=== SUPPLIED MATERIAL ===
+ + + + +

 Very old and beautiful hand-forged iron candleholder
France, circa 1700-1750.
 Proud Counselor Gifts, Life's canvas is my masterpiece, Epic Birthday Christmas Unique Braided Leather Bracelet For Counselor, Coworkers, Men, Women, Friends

+ + + + +

=== DIRECTIONS ===
Transcribe exactly, and only, the lines from the one with "France, circa 1700-1750." through the last line of the data.

=== EXERCISE OUTPUT ===
France, circa 1700-1750.
 Proud Counselor Gifts, Life's canvas is my masterpiece, Epic Birthday Christmas Unique Braided Leather Bracelet For Counselor, Coworkers, Men, Women, Friends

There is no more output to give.